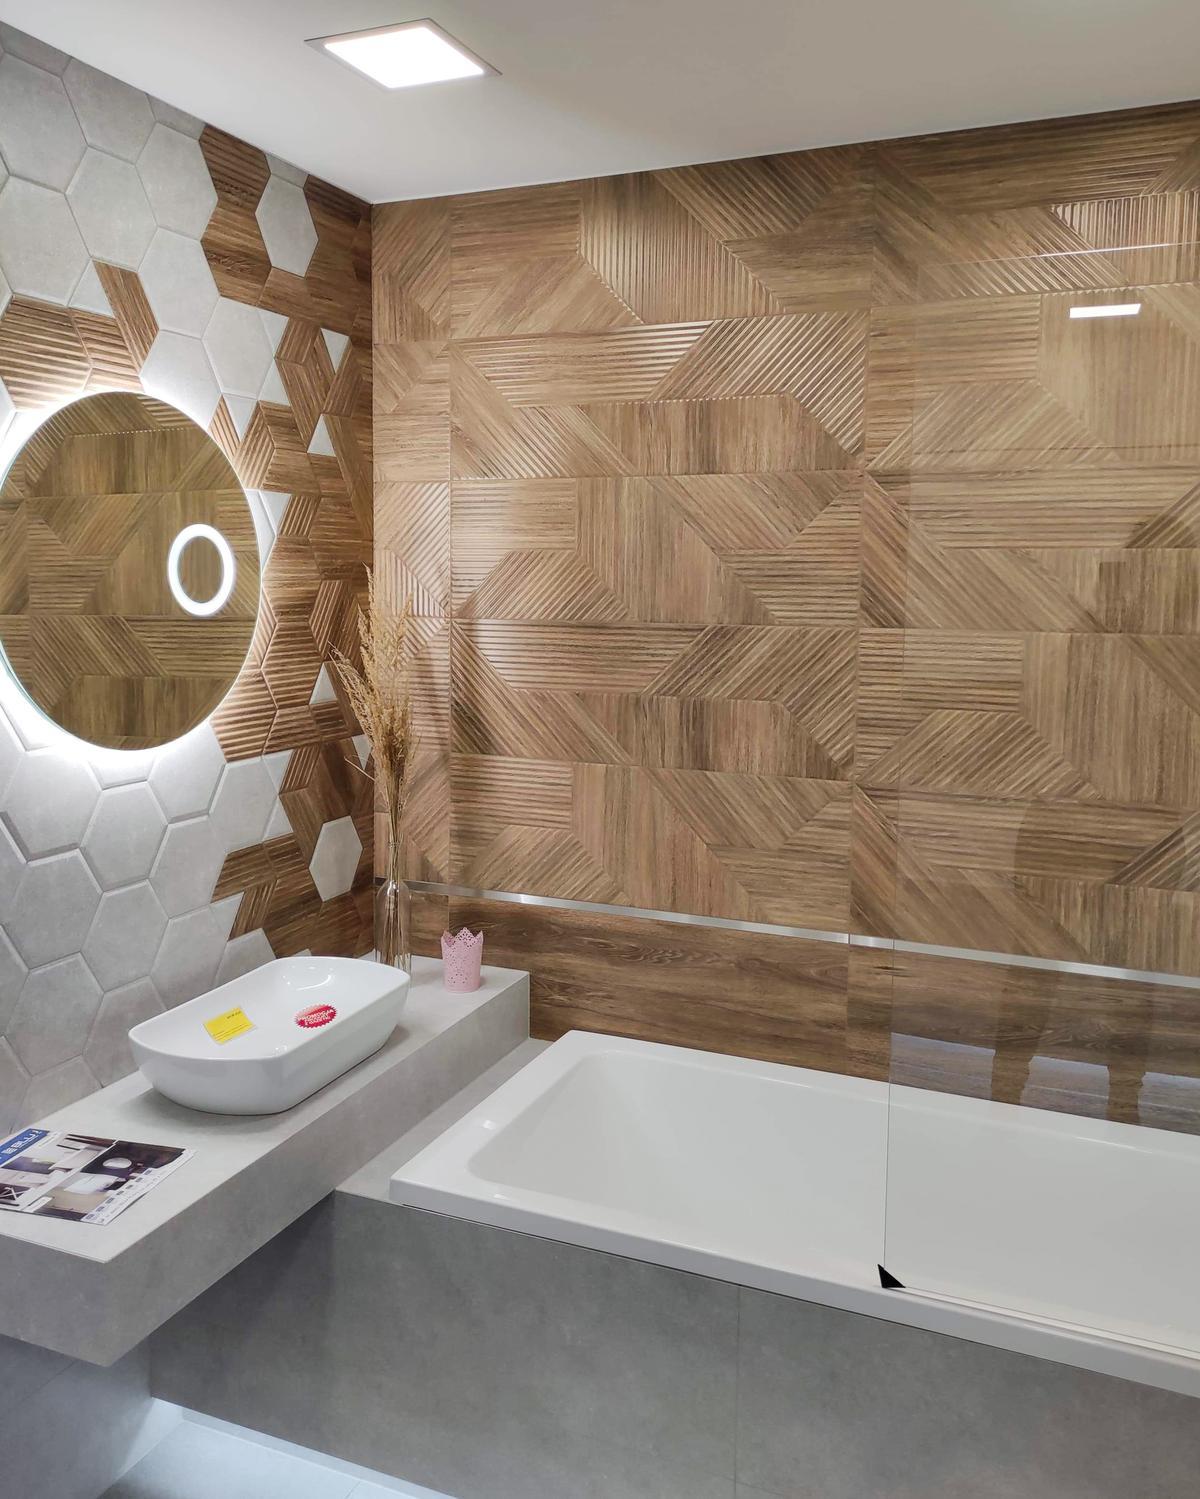 Wanna w szarej zabudowie w BLU Września - zdjęcie od BLU salon łazienek Września
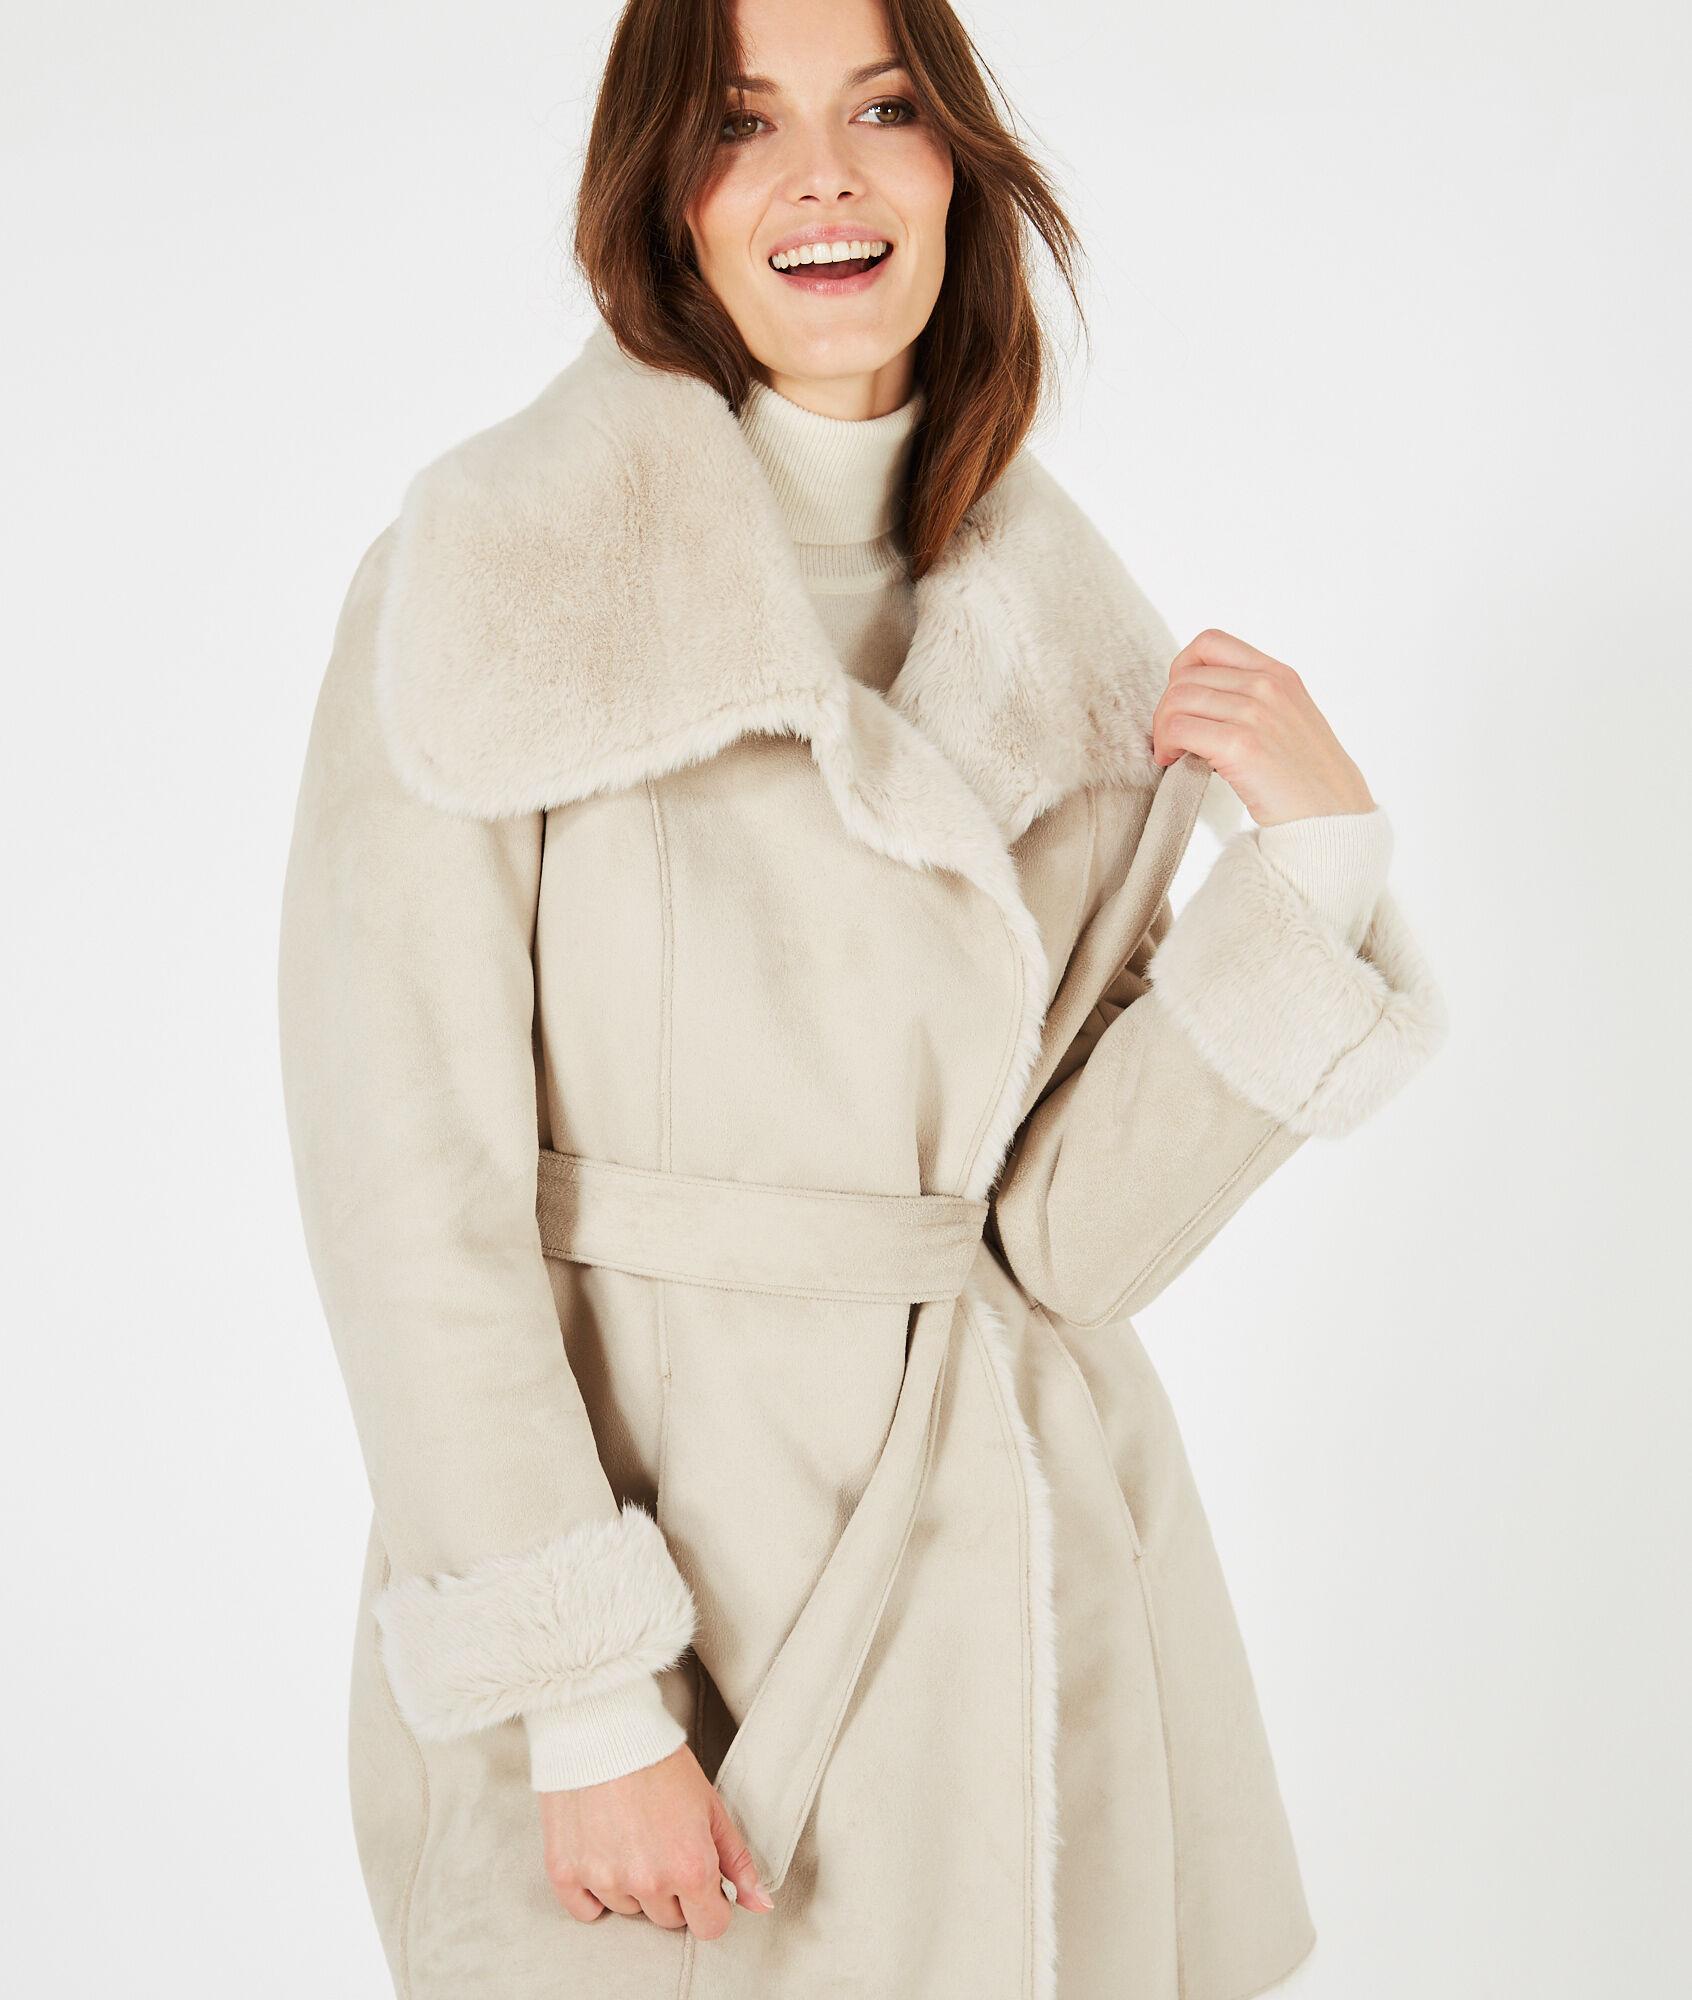 Mi Manteau 123 Peau Ficelle En Lina Long Lainée OwqFwTv5
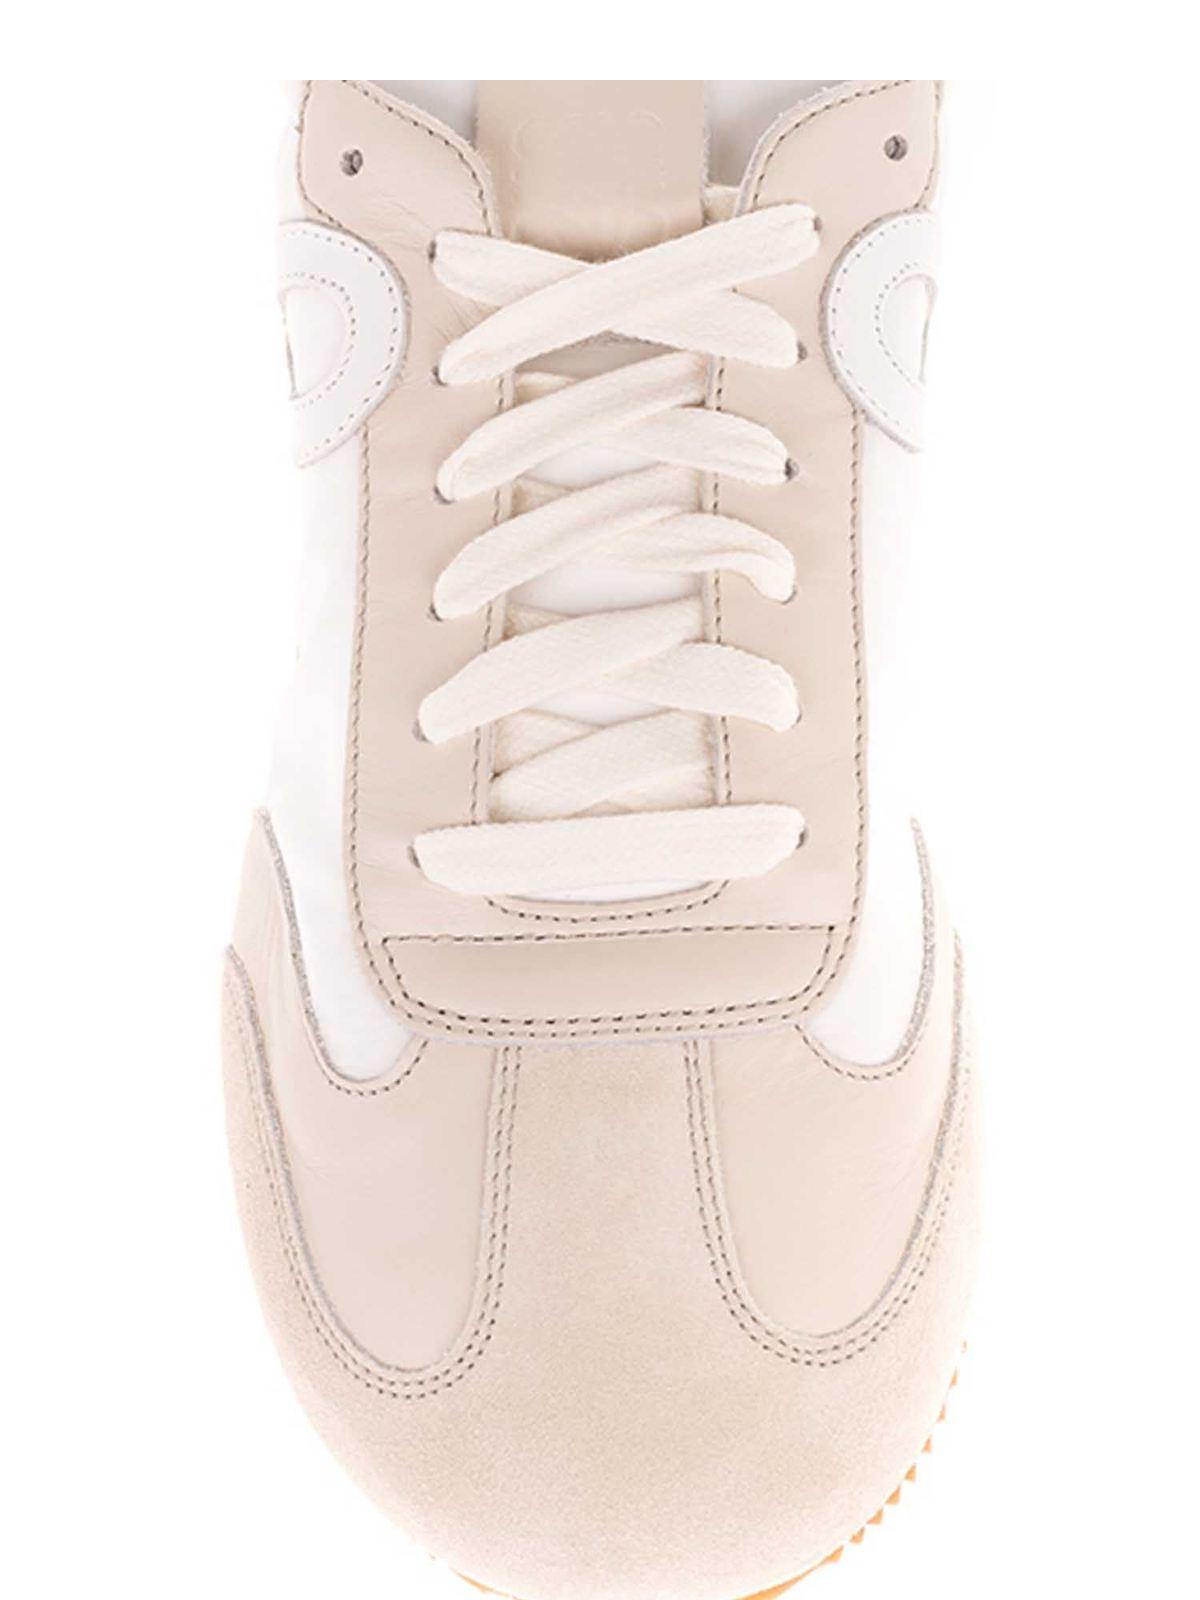 Loewe - Ballet sneakers in white
################
» TASK BRIEF
Word for word, reproduce all the data, but not the pictures.

» EXPECTED ANSWER
 Wanna w szarej zabudowie w BLU Września - zdjęcie od BLU salon łazienek Września
 Mi Manteau 123 Peau Ficelle En Lina Long Lainée OwqFwTv5
 Loewe - Ballet sneakers in white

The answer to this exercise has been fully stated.